▸ **Instructions to follow**: Exactly the lines from the opening of the data through the line containing "Glasmalereien in der" should be reproduced, please, with nothing added.

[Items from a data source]
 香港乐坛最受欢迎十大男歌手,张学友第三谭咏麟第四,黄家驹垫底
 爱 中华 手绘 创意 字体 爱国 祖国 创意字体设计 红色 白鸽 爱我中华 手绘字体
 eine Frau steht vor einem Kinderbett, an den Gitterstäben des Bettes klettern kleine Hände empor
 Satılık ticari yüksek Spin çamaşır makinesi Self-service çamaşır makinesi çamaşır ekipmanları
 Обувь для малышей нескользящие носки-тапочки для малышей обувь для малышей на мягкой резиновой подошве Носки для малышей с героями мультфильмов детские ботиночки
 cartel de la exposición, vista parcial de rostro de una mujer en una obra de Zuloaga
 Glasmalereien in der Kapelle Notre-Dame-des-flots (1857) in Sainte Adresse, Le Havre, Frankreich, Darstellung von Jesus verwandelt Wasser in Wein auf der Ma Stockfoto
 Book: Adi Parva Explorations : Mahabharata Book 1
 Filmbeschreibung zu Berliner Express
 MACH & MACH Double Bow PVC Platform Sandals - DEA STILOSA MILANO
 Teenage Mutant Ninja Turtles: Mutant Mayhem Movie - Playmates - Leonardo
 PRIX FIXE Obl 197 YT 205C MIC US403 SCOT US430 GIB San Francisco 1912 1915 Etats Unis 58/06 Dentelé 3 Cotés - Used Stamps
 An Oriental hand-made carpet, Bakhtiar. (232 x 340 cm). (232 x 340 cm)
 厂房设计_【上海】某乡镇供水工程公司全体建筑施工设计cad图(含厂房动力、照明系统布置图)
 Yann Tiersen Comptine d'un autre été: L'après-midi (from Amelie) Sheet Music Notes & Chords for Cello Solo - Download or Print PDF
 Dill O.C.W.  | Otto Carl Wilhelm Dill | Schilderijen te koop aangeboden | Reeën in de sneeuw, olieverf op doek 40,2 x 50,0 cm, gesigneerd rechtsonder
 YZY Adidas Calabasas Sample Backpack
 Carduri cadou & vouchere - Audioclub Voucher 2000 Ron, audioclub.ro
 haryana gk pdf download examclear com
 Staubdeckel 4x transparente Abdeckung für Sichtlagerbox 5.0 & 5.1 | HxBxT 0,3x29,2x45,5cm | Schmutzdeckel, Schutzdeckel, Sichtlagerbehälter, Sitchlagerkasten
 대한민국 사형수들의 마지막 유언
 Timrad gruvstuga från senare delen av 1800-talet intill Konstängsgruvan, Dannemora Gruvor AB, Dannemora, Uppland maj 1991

▸ **Solution to this exercise**:
 香港乐坛最受欢迎十大男歌手,张学友第三谭咏麟第四,黄家驹垫底
 爱 中华 手绘 创意 字体 爱国 祖国 创意字体设计 红色 白鸽 爱我中华 手绘字体
 eine Frau steht vor einem Kinderbett, an den Gitterstäben des Bettes klettern kleine Hände empor
 Satılık ticari yüksek Spin çamaşır makinesi Self-service çamaşır makinesi çamaşır ekipmanları
 Обувь для малышей нескользящие носки-тапочки для малышей обувь для малышей на мягкой резиновой подошве Носки для малышей с героями мультфильмов детские ботиночки
 cartel de la exposición, vista parcial de rostro de una mujer en una obra de Zuloaga
 Glasmalereien in der Kapelle Notre-Dame-des-flots (1857) in Sainte Adresse, Le Havre, Frankreich, Darstellung von Jesus verwandelt Wasser in Wein auf der Ma Stockfoto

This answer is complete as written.